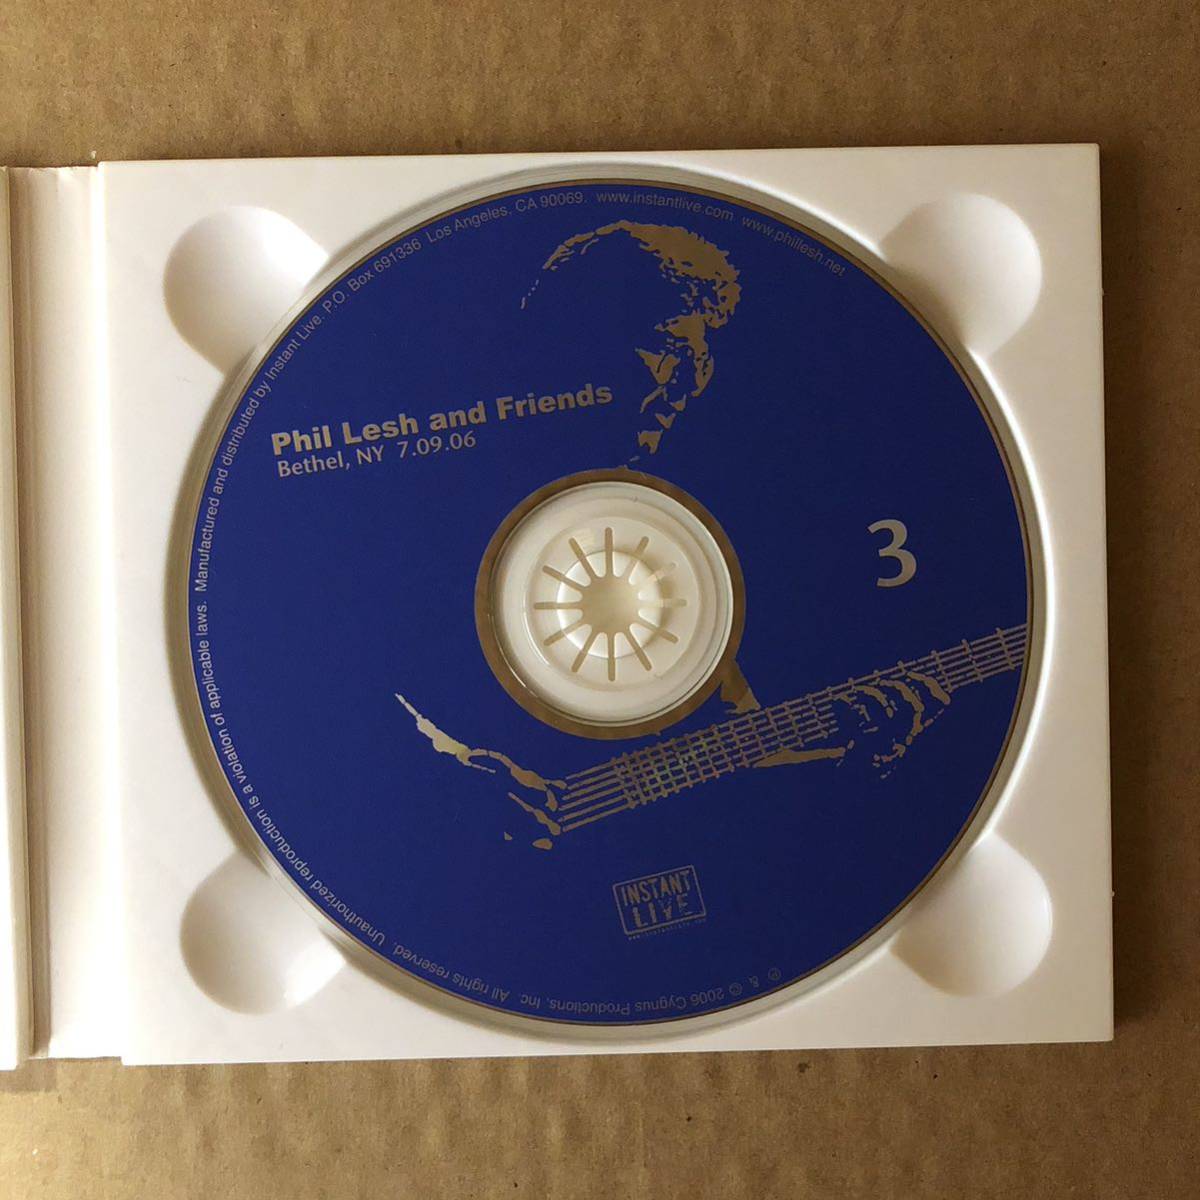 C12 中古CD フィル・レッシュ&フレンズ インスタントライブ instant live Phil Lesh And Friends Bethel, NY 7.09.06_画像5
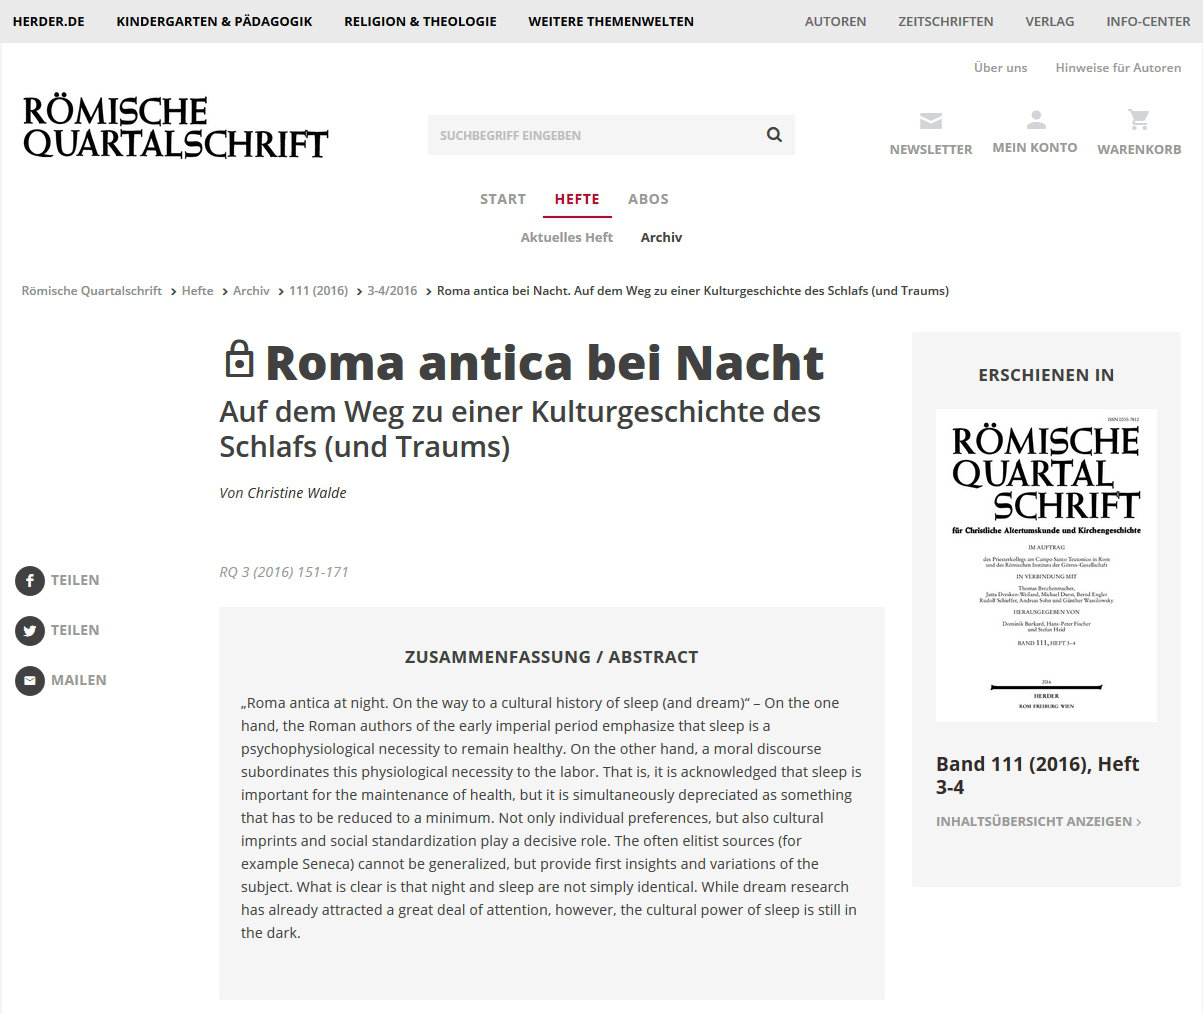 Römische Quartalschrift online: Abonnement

...

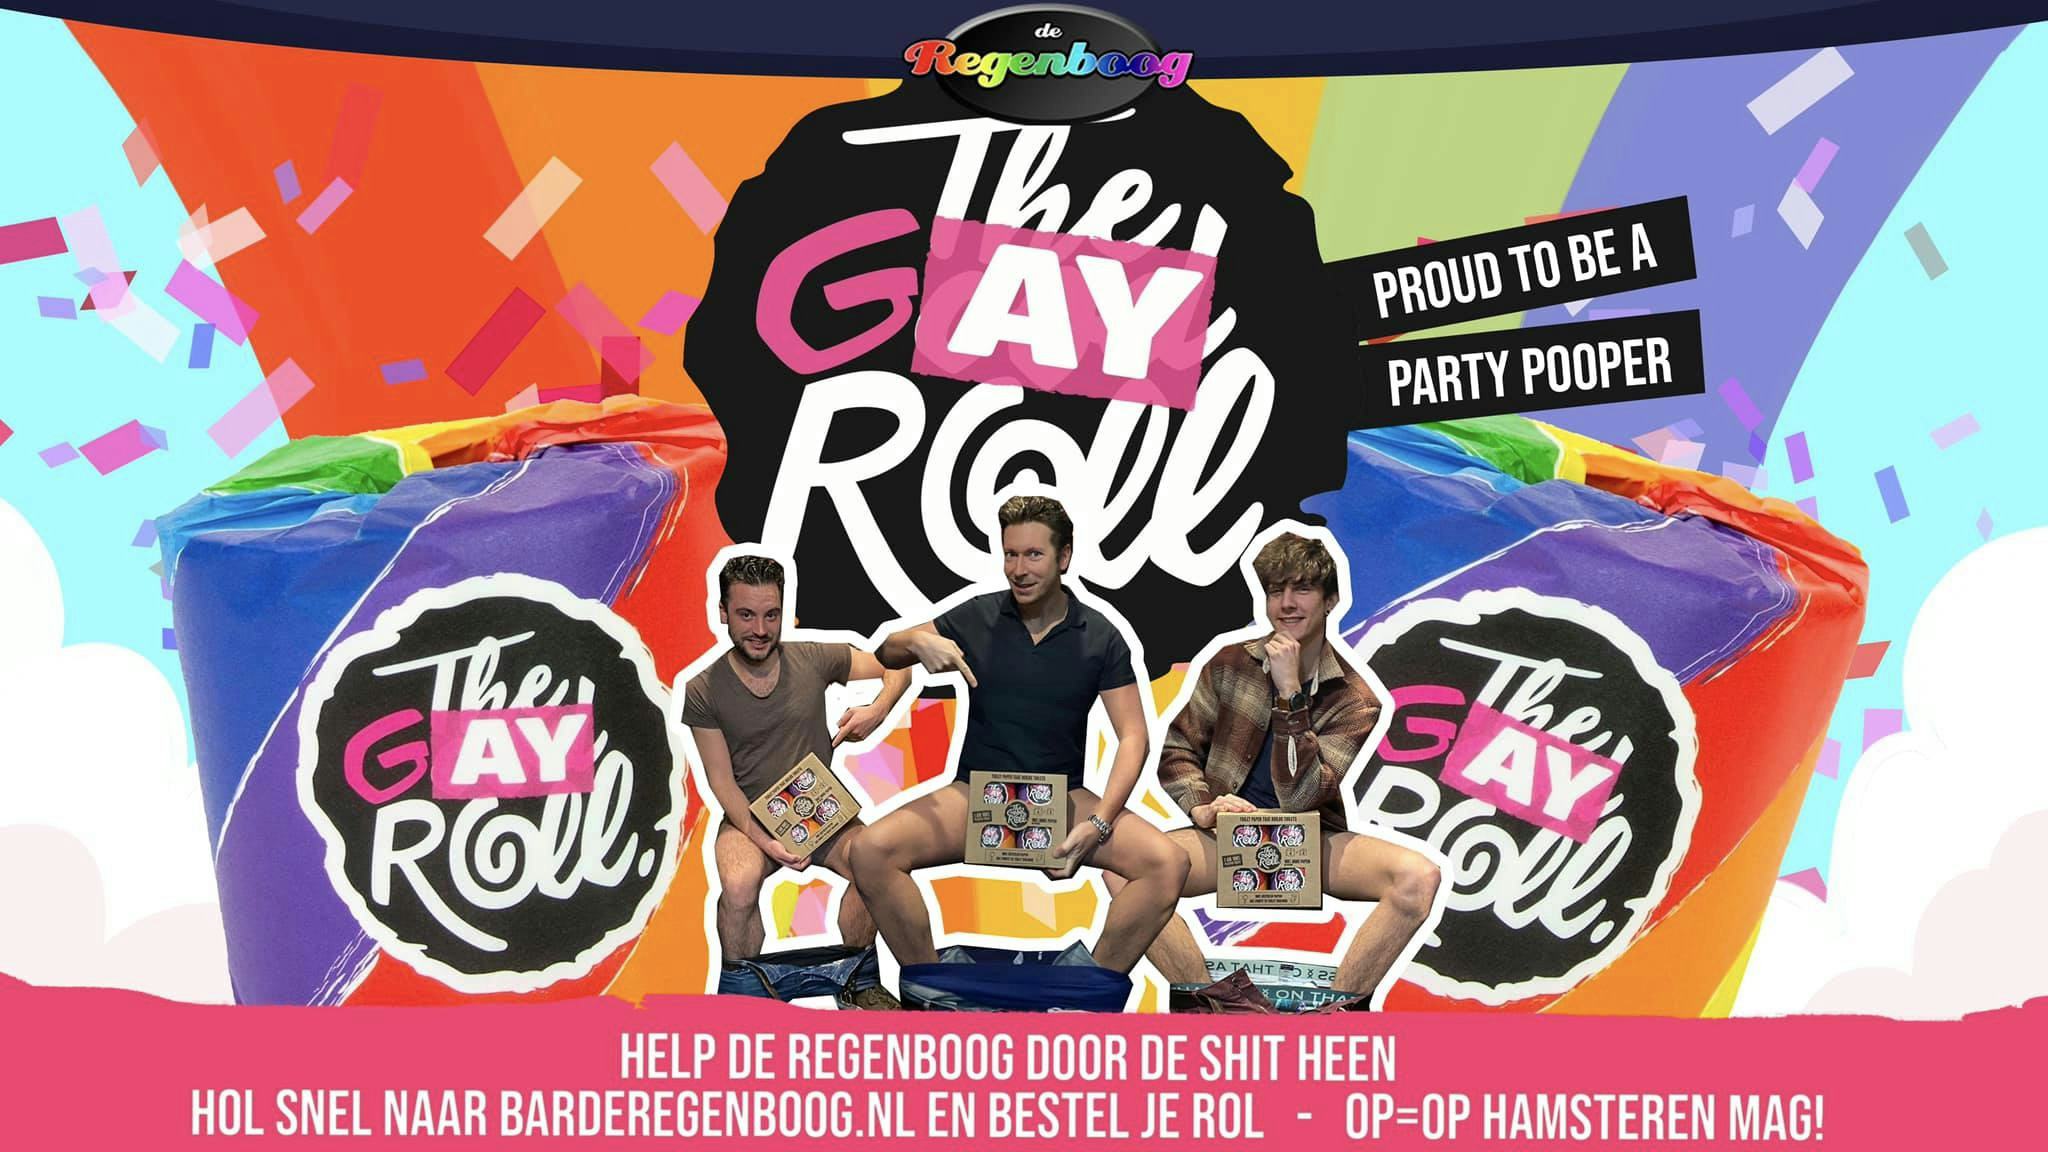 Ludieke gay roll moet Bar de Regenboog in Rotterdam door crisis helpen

--

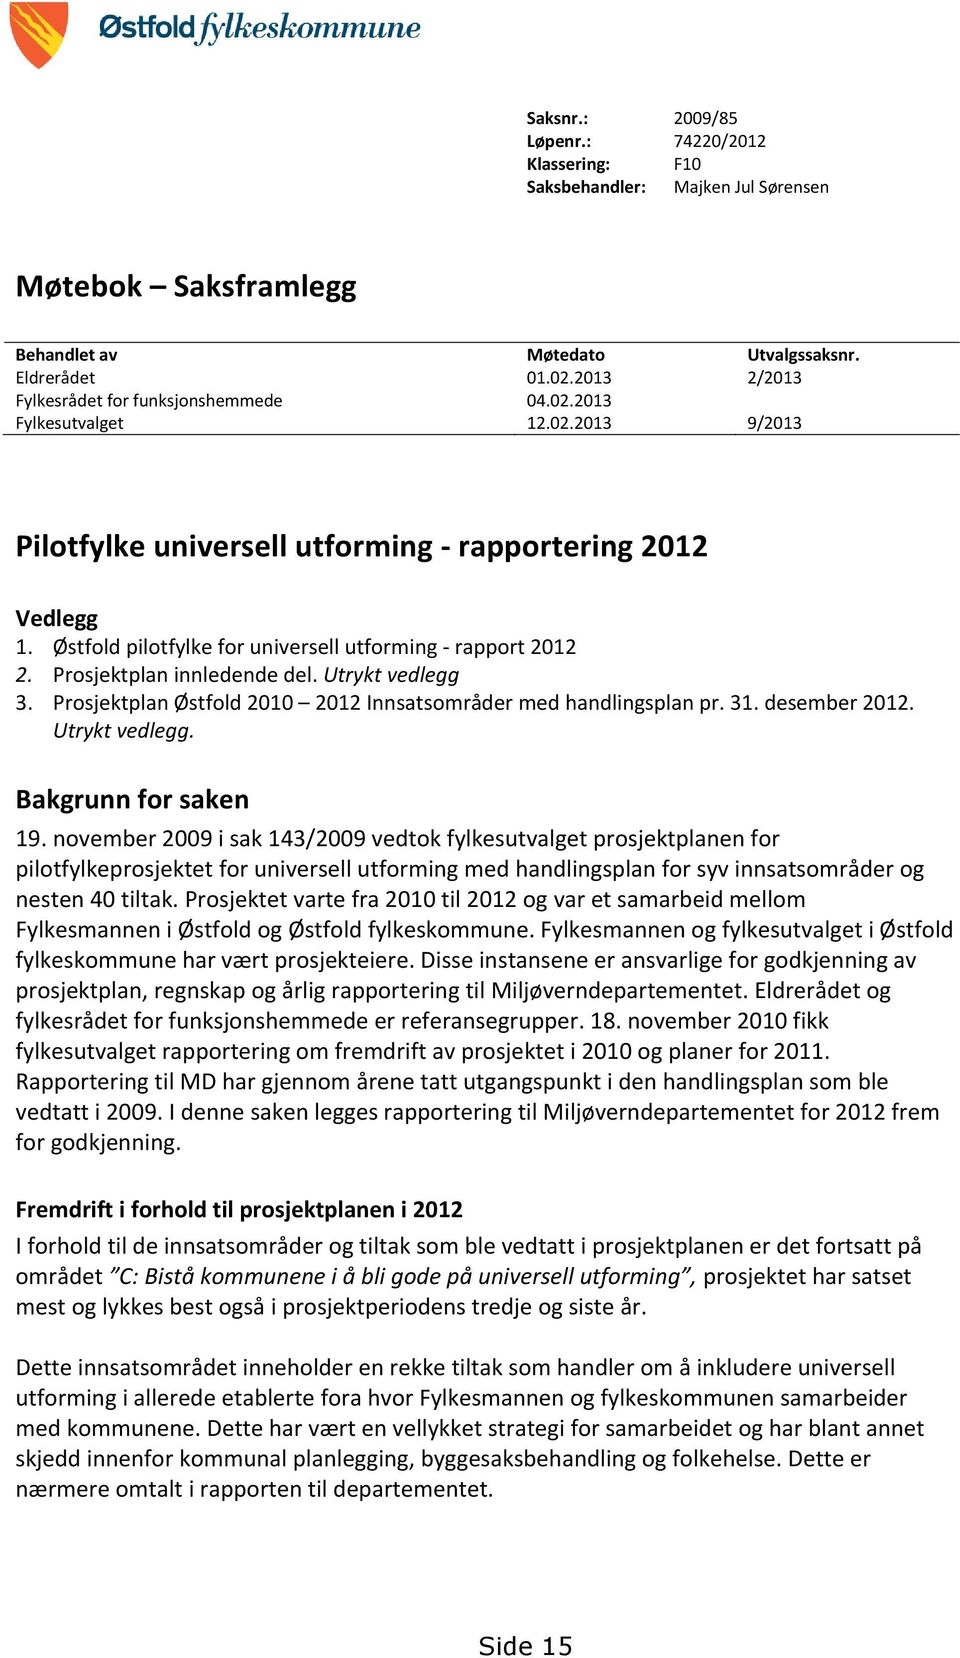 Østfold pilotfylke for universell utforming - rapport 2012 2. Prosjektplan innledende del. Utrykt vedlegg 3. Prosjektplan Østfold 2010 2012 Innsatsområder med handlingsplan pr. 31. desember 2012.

Work item —
The expected output is the lines above from the one containing "C12 中古CD フィル・レッシュ&フレンズ" to the one containing "Römische Quartalschrift online: Abonnement", both ends included, reproduced exactly with every picture left out.

Written response —
 C12 中古CD フィル・レッシュ&フレンズ インスタントライブ instant live Phil Lesh And Friends Bethel, NY 7.09.06_画像5
 Römische Quartalschrift online: Abonnement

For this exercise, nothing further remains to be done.